Welcome executives and professionals. “Creative destruction” is the power of innovation to destroy existing structures while simultaneously laying the groundwork for new ones to emerge.
Since the previous edition, we have reviewed hundreds of the latest insights in agentic and generative AI, spanning best practices, case studies, market dynamics, and innovations.
This briefing outlines what is driving material value — and why it’s important.
In today’s briefing:
JPMorgan’s seven axes shaping AI geopolitics.
The board’s role in AI governance.
McKinsey unpacks agentic commerce.
Capgemini’s AI ethics implementation guide.
Transformation and technology in the news.
Career opportunities & events.
Read time: 4 minutes.

GLOBAL OPERATING SYSTEM

Image source: JPMorgan / International Energy Agency
Brief: JPMorgan’s 32-page report explores seven “strategic axes” (1-7) defining the AI geopolitical moment, “motivating governments, businesses, and alliances to reposition in ways that will shape the century ahead.”
Breakdown:
“Assertive China” aims to lead global AI through state-driven self-reliance, and by exporting low-cost open-source to expand influence (1).
The U.S. is betting on private-sector innovation and major infrastructure buildouts “to preserve and extend its competitive edge” (2).
The EU moves toward tech sovereignty, striving to reduce dependence on foreign technology and bolster its own AI capabilities (3).
The Middle East's "sovereign wealth funds are leveraging energy abundance” to position the region as a global innovation hub (4).
Semiconductors, critical minerals, and electricity form key chokepoints (5) as AI reshapes labor markets (6), and modern military power (7).
Why it’s important: For business leaders, the private sector has a decisive role to play in scaling innovation and securing critical supply chains.
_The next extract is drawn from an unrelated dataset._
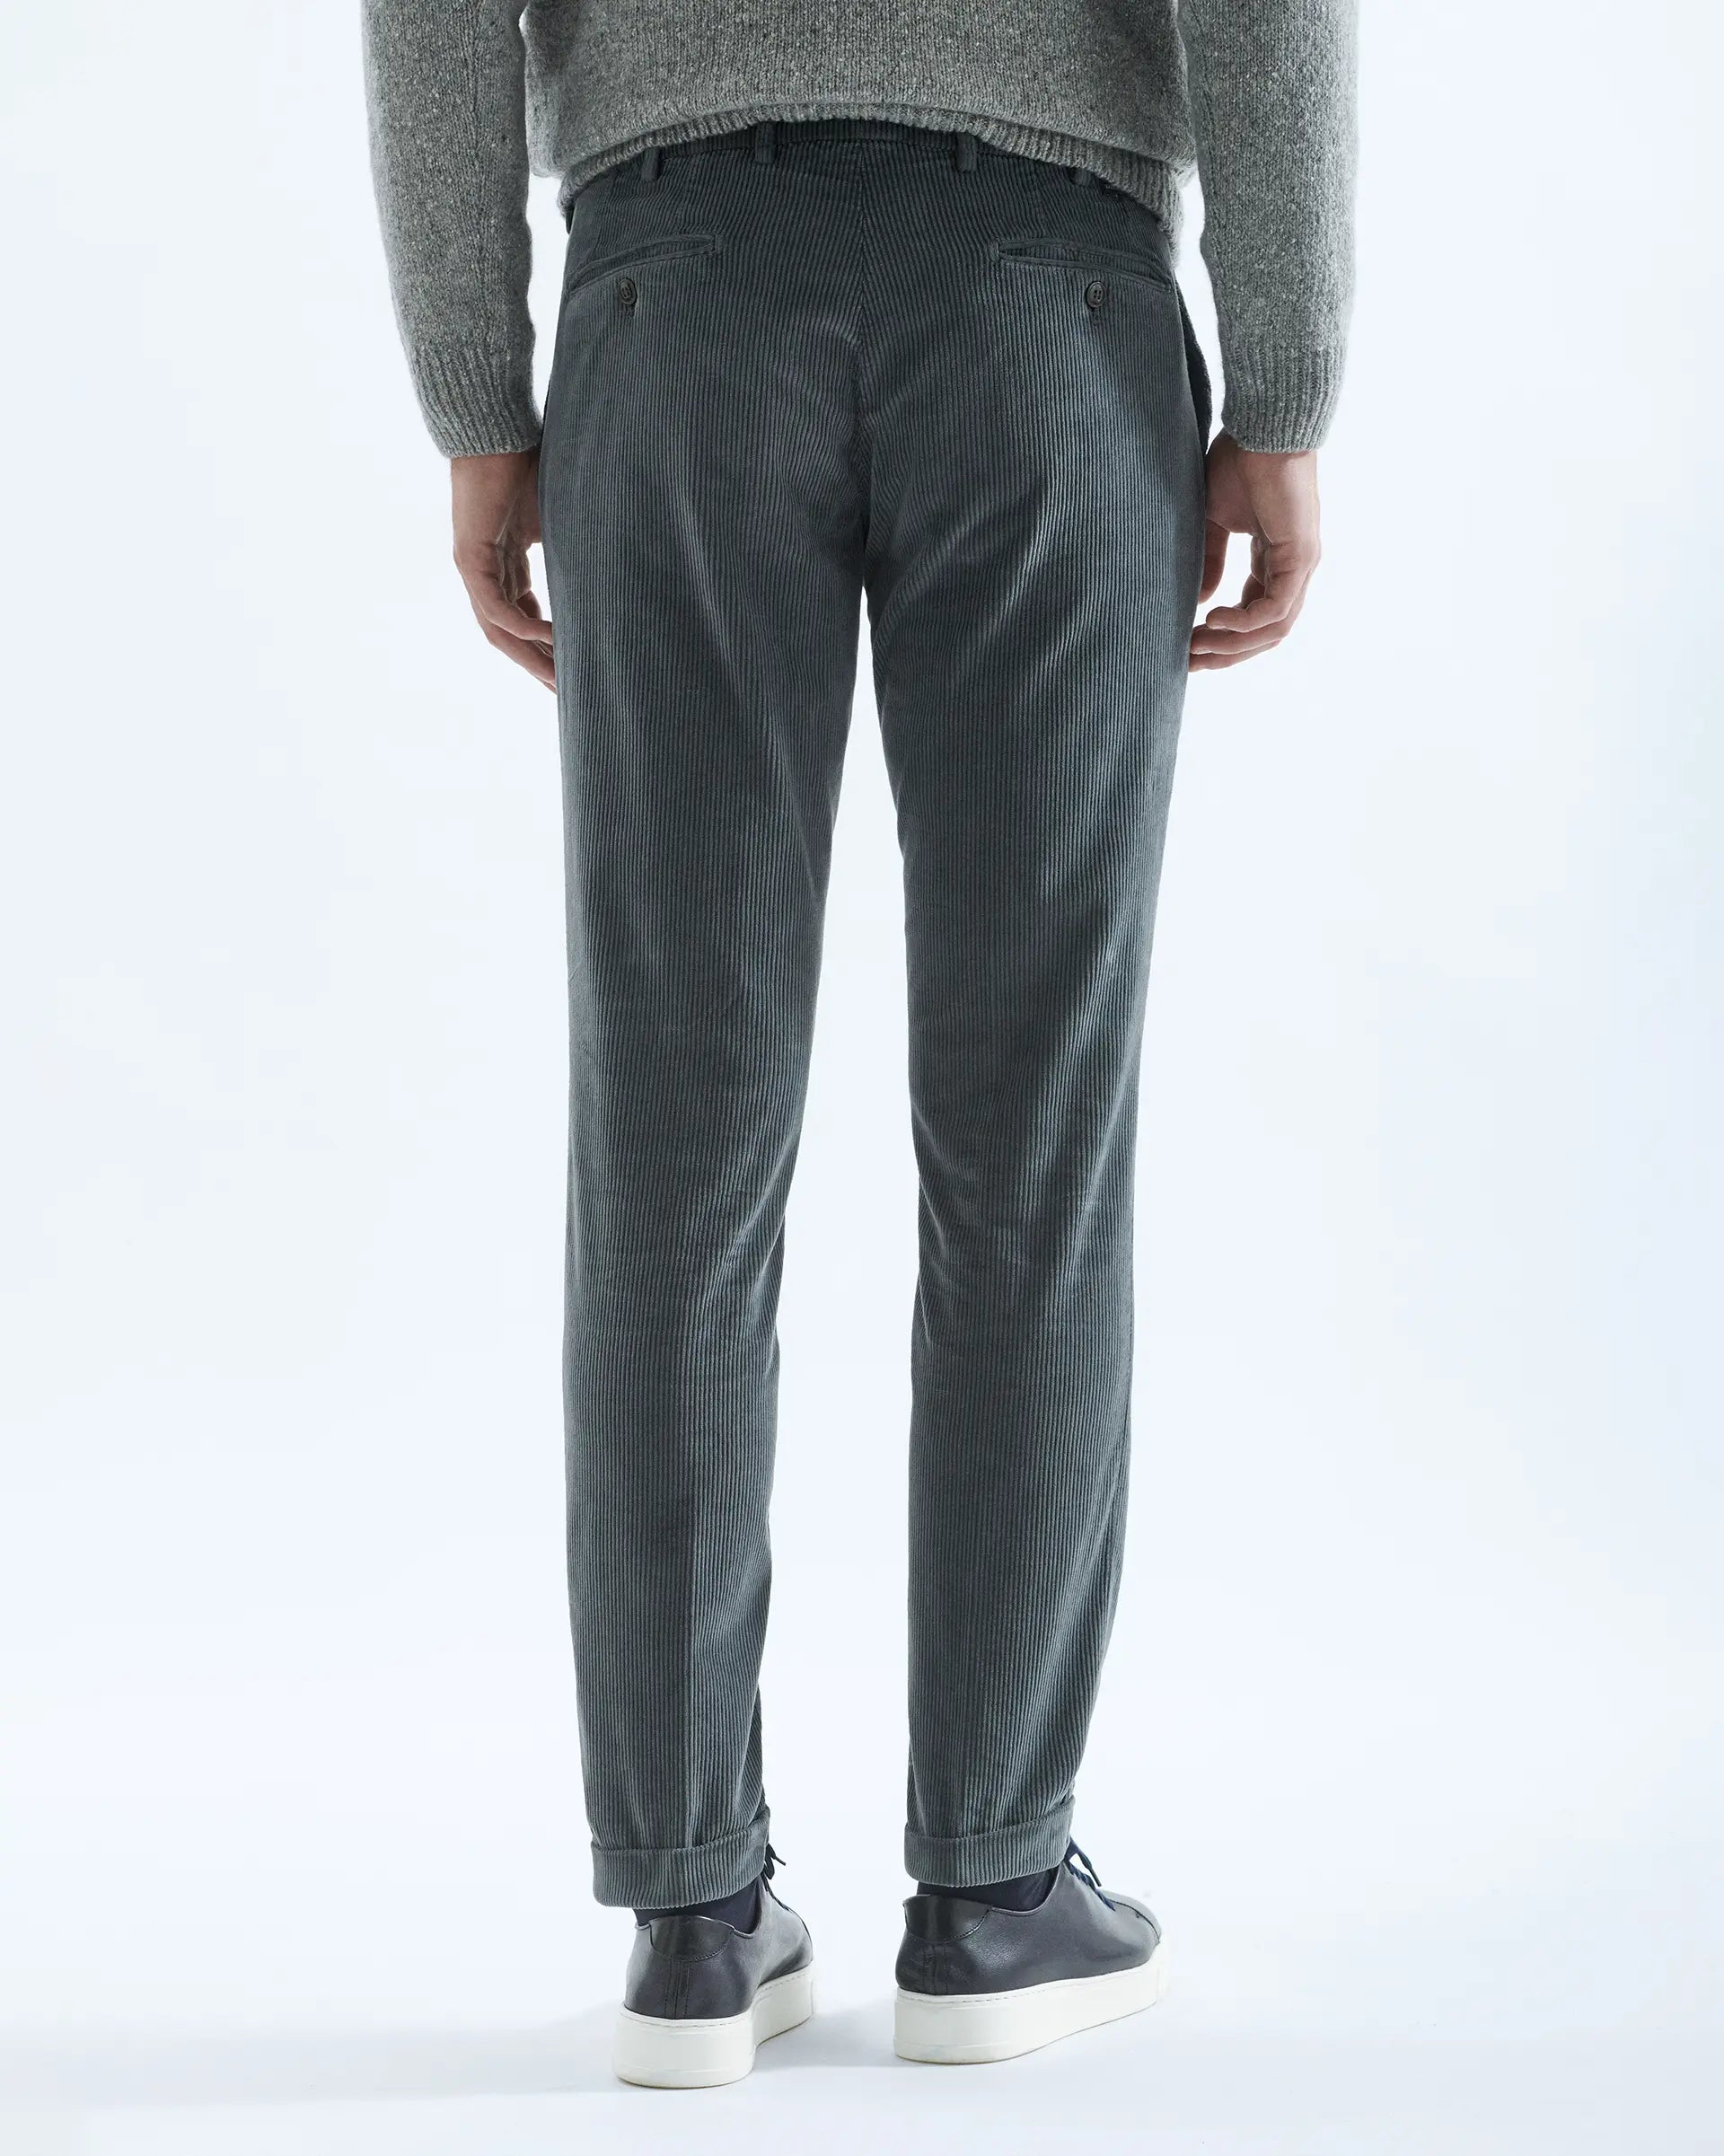 Charcoal Grey  Cotton Stretch pants
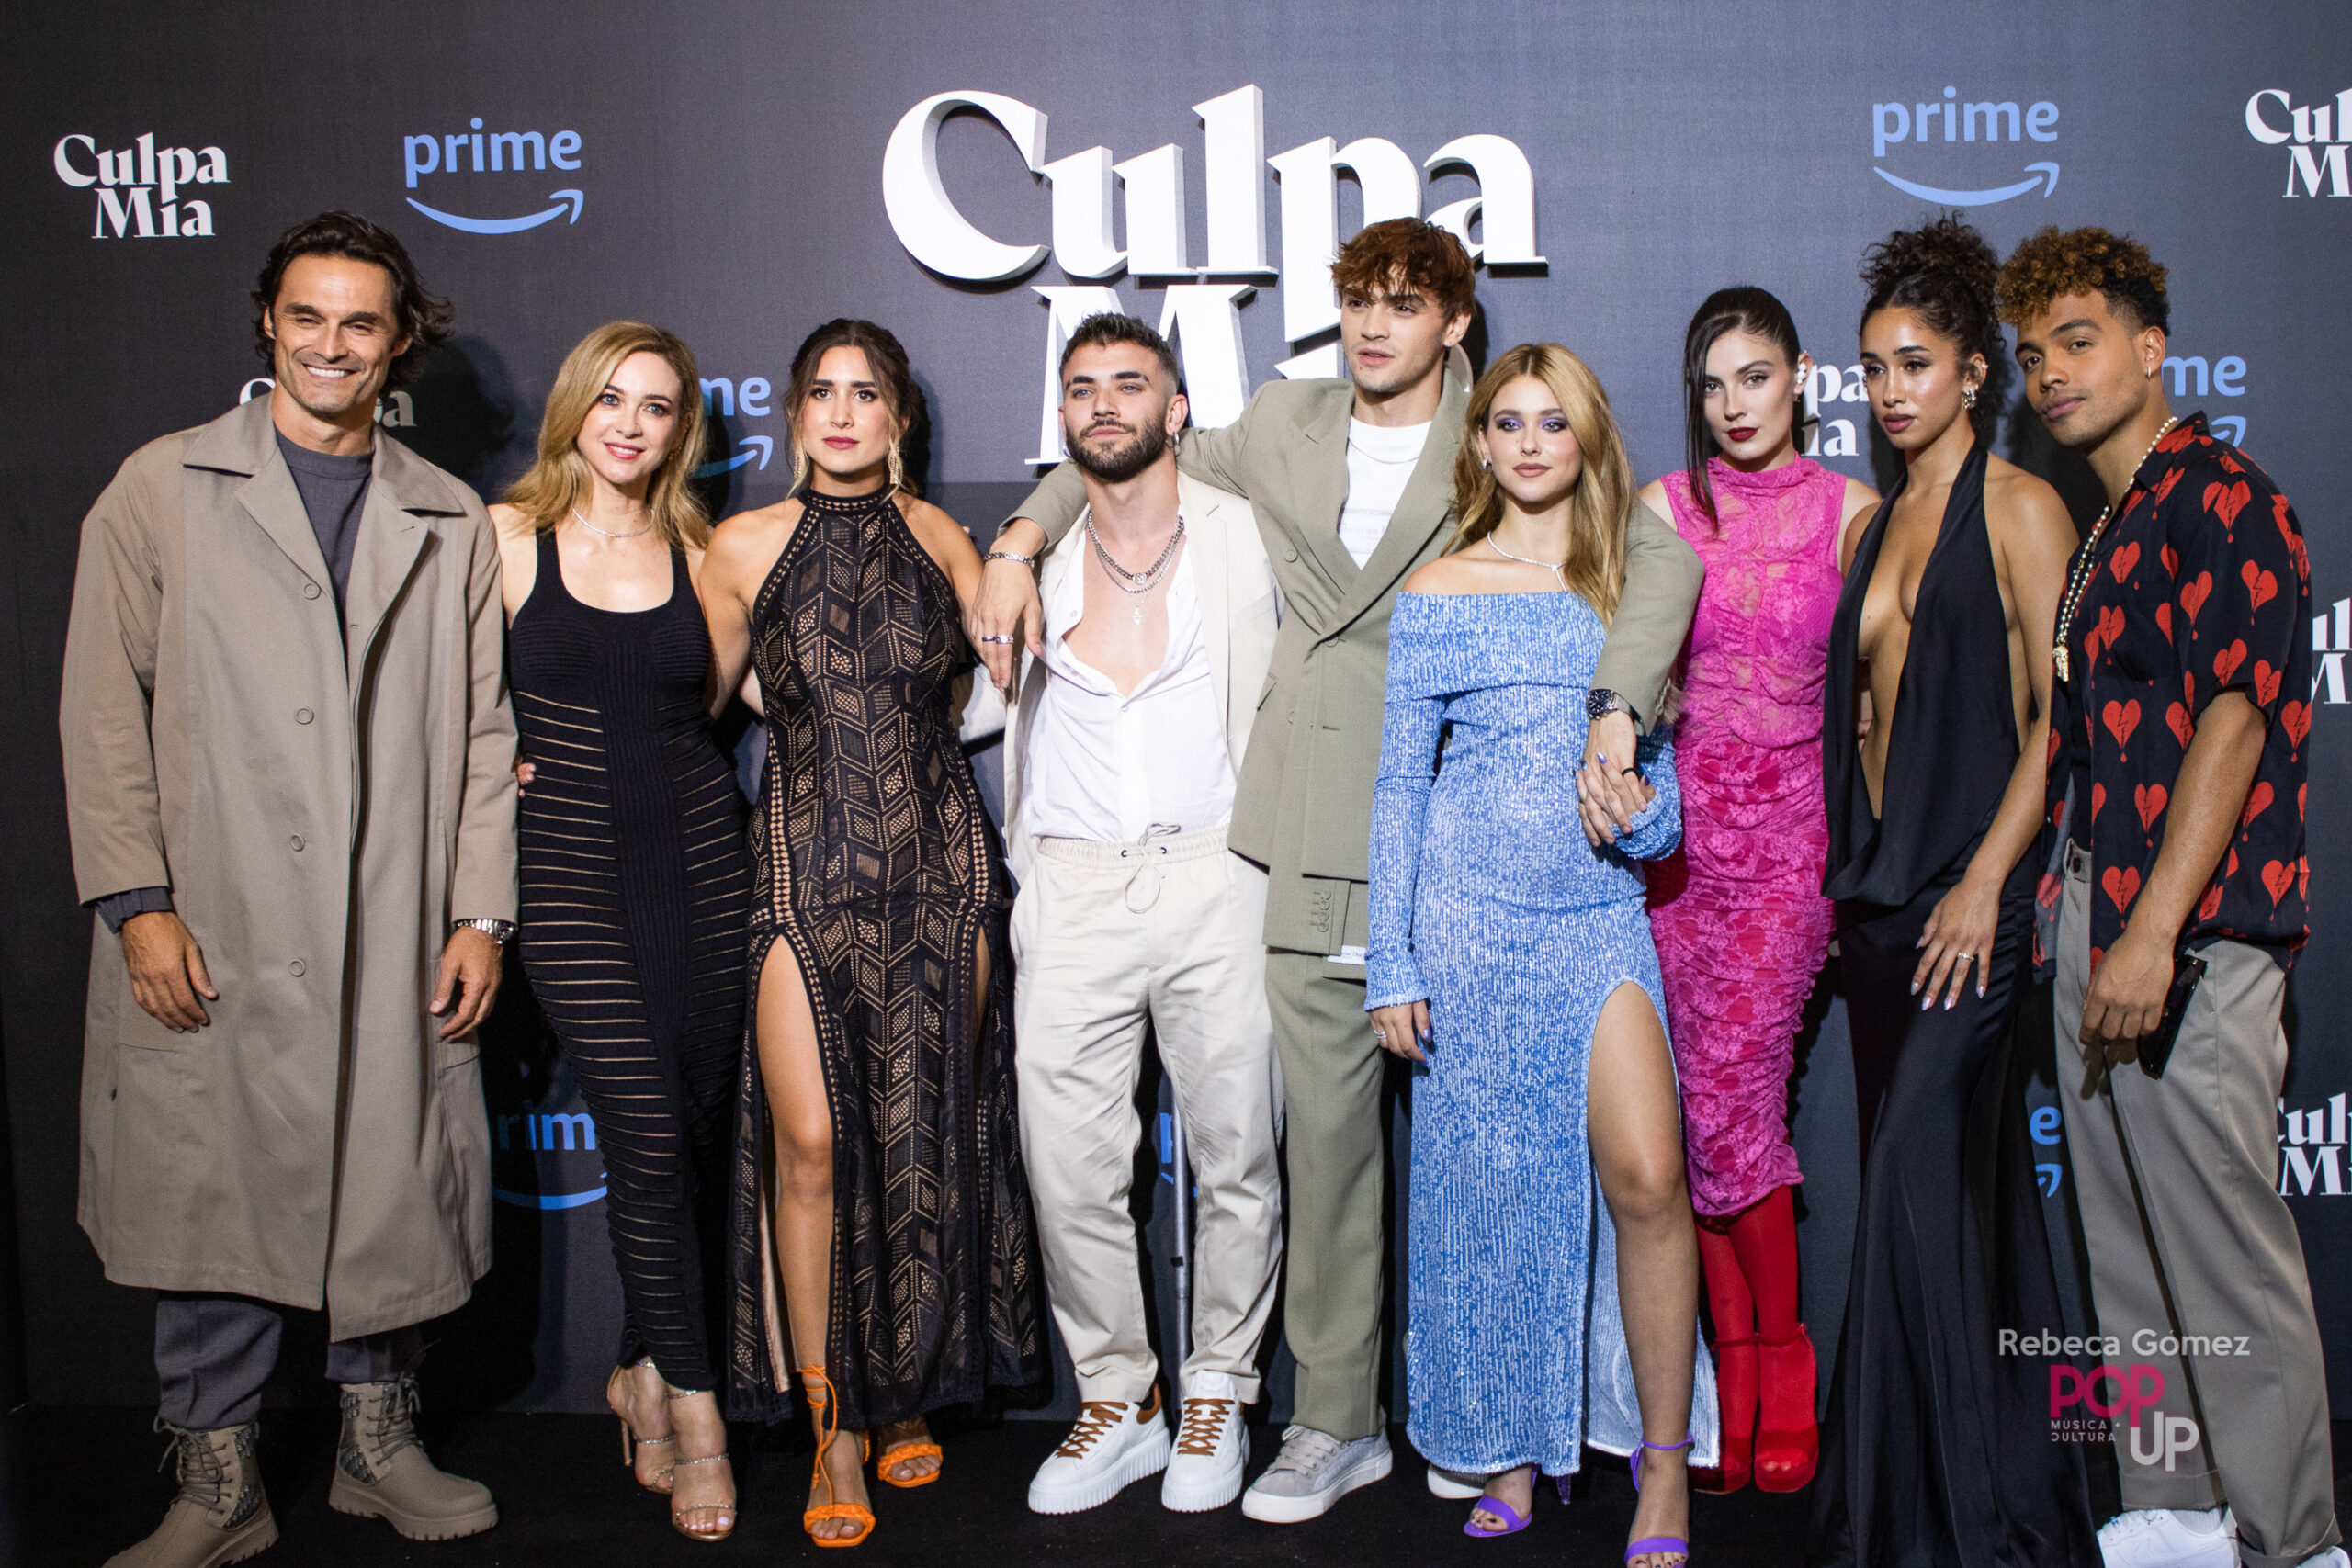 The cast of 'Culpa mía'

Companies that understand this moment, and act on it, will not only help safeguard their own business but help secure the foundations of long-term national strength.
STRATEGIC GOVERNANCE

Image source: Infosys Knowledge Institute
Brief: Infosys Knowledge Institute surveyed 300 board members from North American firms generating over $1 billion in revenue, examining how boards define and oversee enterprise AI strategy and implementation.
Breakdown:
72% of boards now receive AI updates regularly, while 14% review AI progress and risks at every meeting, signaling growing oversight.
Many directors now feel better informed on AI and emerging tech than on geopolitical, economic, or regulatory developments.
Despite threats (graph above), only 14% of boards express high concern about reputational damage from failures like AI errors.
While 29% have approved enterprise-wide AI plans, most boards (55%) rely on department-level initiatives without unified KPIs.
46% of boards oversee explainable AI decisions directly, while half delegate this responsibility to management teams.
Why it’s important: AI complicates the role of corporate board members by introducing new layers of complexity to already high-stakes decisions. Unlike financial cycles, competitive threats, or regulatory shifts, each with long histories, AI is advancing at a frenetic, less predictable pace.
OPPORTUNITY INSIGHT

Image source: McKinsey & Company
Brief: McKinsey examined the agentic commerce opportunity, showing how AI agents are redefining consumer–merchant relationships, potentially unlocking $1T in U.S. retail revenue by 2030 and up to $5T globally.
Breakdown:
Chapter 1 envisions AI agents that anticipate needs, compare options, negotiate, and complete purchases, all aligned with user intent.
Chapter 2 outlines the infrastructure for agentic commerce, spanning MCP, A2A, AP2, computer use, and other emerging technologies.
Chapter 3 explores business model evolution as merchants compete across engagement, discovery, “clienteling,” and loyalty.
Chapter 4 dissects trust and risk across five dimensions of agentic commerce, including “know your agent” and transparency.
Chapter 5 identifies challenges and opportunities, from go-to-market strategy and brand to monetization pathways.
Why it’s important: Before long, nearly all retailers will have to grapple with the fact that a significant percentage of their customers will not be human users, but rather, AI agents. The companies that get out in front of it now, before their rivals do, will be the ones that shape the future.
BEST PRACTICE INSIGHT

Image source: Capgemini
Brief: Capgemini's practical guide provides perspective on the foundational steps for building effective AI ethics governance, helping organizations navigate challenges that can arise as they scale AI transformation.
Breakdown:
Conduct a SWOT analysis to identify risks and challenges AI adoption may pose to your organization, and society more broadly.
Examine four dimensions: technological, psychological, sociological, and geopolitical, to inform AI principal design.
Leveraging SWOT outputs, the AI ethicist and key functions like Legal and HR can shape principles aligned with company values.
Test AI ethics principles across the full AI lifecycle (image above) including against emerging tech like agentic AI and robotics.
Reference Capgemini’s Code of Ethics for AI, but make sure principles are grounded in the organization’s unique context.
Why it’s important: Ethical conversations can be complicated. They depend on cultural, societal, personal, and organizational values. There’s no such thing as a one-size-fits-all. Capgemini’s framework helps leaders create a set of AI ethics principles unique to their business.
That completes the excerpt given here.